Она достала из кармана гимнастёрки комсомольский билет и вытянула из его футляра листок бумаги, сложенный треугольником. Развернув, перечитала раз и два, видимо, каждый раз заново понимая слова Мики и удивляясь им. Потом протянула листок сестре и впилась глазами в её лицо, желая полностью уловить все оттенки чувств, вызываемых письмом.
«Сонечка, женушка, сейчас уезжает к вам наш парень, может быть, хоть он повидает тебя и расскажет мне, что ты жива, невредима, смеешься чему-нибудь или замерзла, греешься у печурки. Хоть что-нибудь узнать о твоей жизни! У меня всё в порядке. Дерусь и буду драться. Я хочу, чтобы ты знала, родненькая: всегда и что бы ни случилось со мною, я благословляю нашу любовь, она даёт мне силы ничего не страшиться и, если нужно будет, умереть без сожалений.
Мика».
Письмо было написано неумелым, неустановившимся почерком, с некстати поставленными завитушками и росчерками в конце слов, но за этой неумелостью почерка, за этими нелепыми завитушками ещё удивительнее выступал недетский, глубоко продуманный и выстраданный смысл письма.
— Мика! — дочитав до подписи, изумлённо повторила Лиза.

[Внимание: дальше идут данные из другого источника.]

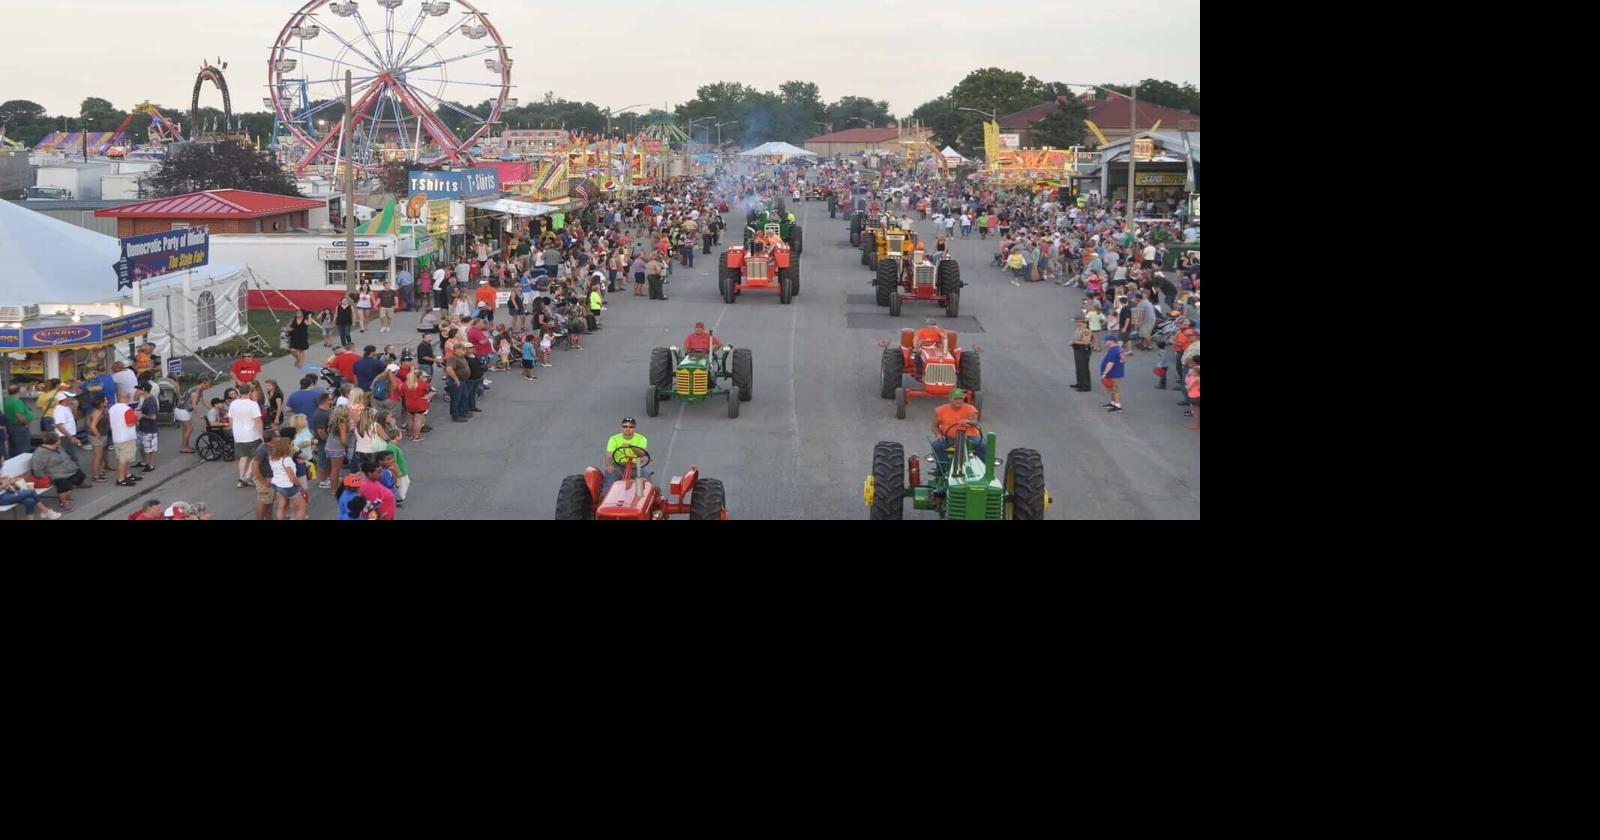 2022 Illinois State Fair attendance sets alltime record Top Stories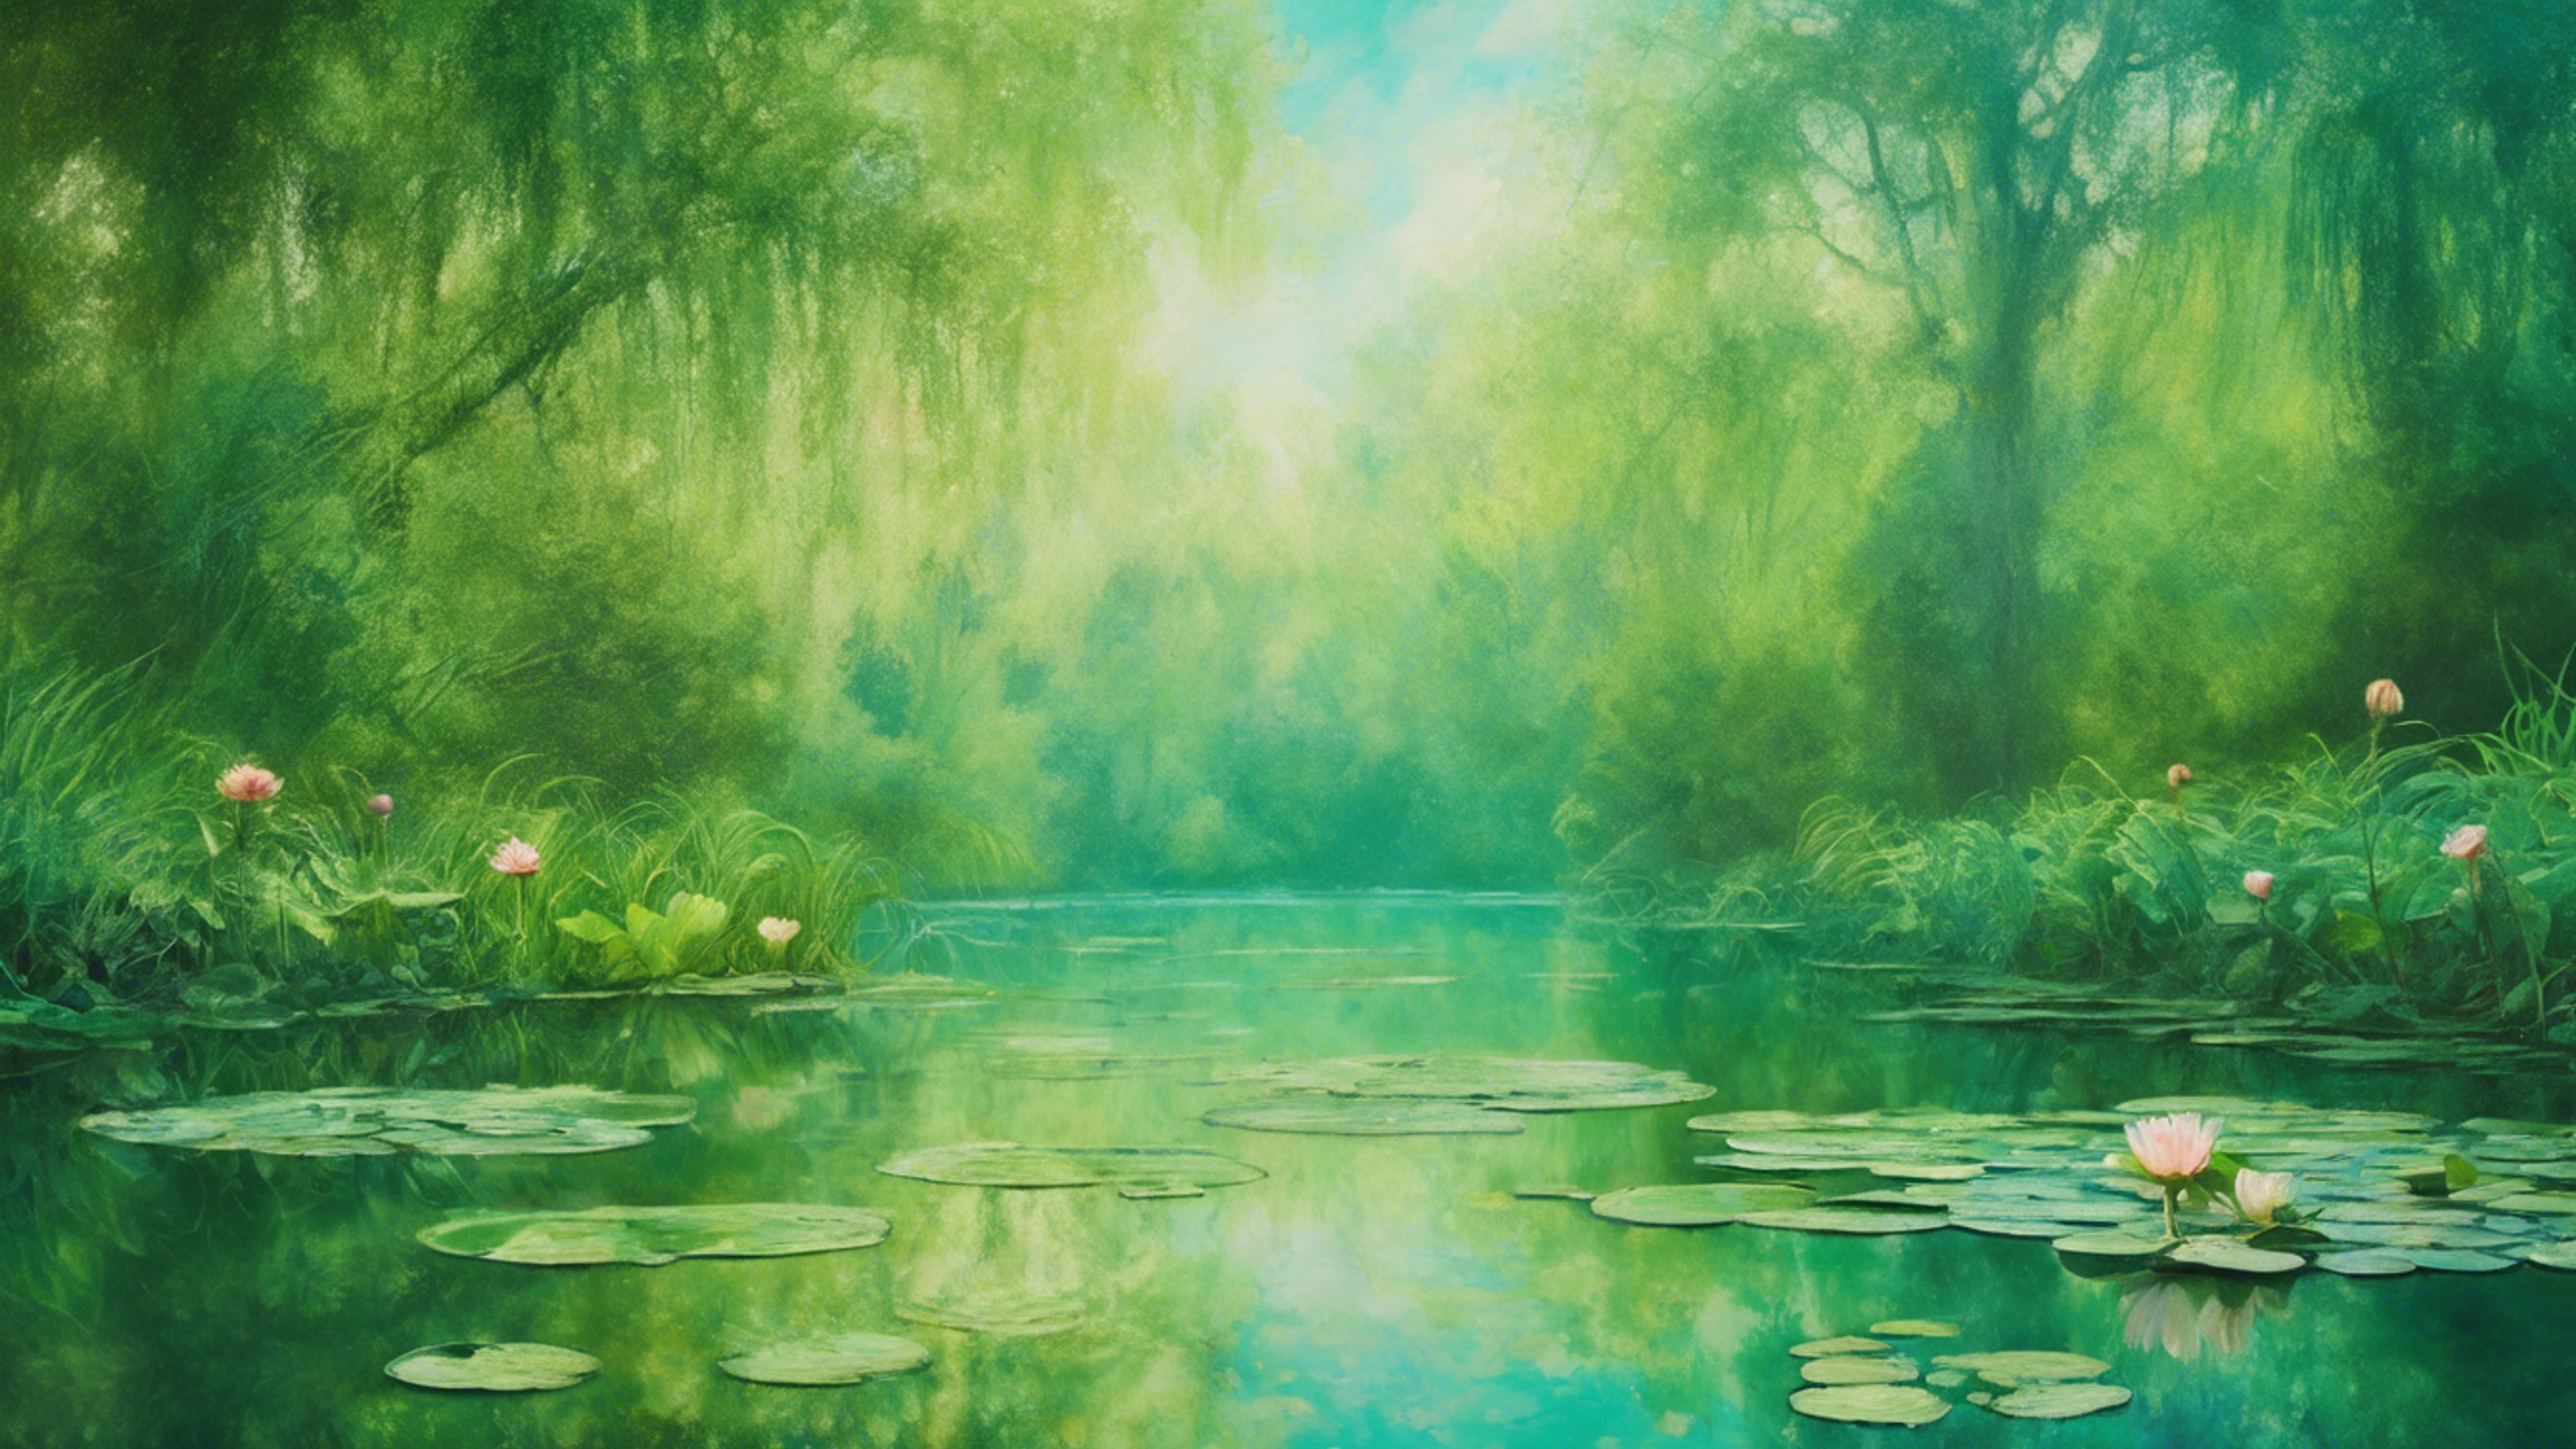 A landscape painting inspired by Monet's Water Lilies, with cool green hues. Fond d'écran[9f0abb477fe746e08ba1]

— Мика! — с гордостью повторила Соня. Тщательно запрятав обратно письмо, она сказала с какой-то исступлённой радостью: — Вот если так любить и так чтить свою любовь, к живому ли, к мёртвому ли… тогда после всего… ну, после победы… тогда и плакать можно будет…
И вдруг, наперекор своим словам, заплакала и сердито отвернулась.
Лиза отвела глаза, спрятала под тюфяк записную книжку Лёни Гладышева и спросила будничным голосом:
— Ты надолго?
— До половины двенадцатого. В ночь выезжаем.
— Чаю согреть?
— Согрей. Я там хлеба вам привезла буханку. Промёрзлого. Отогреть надо.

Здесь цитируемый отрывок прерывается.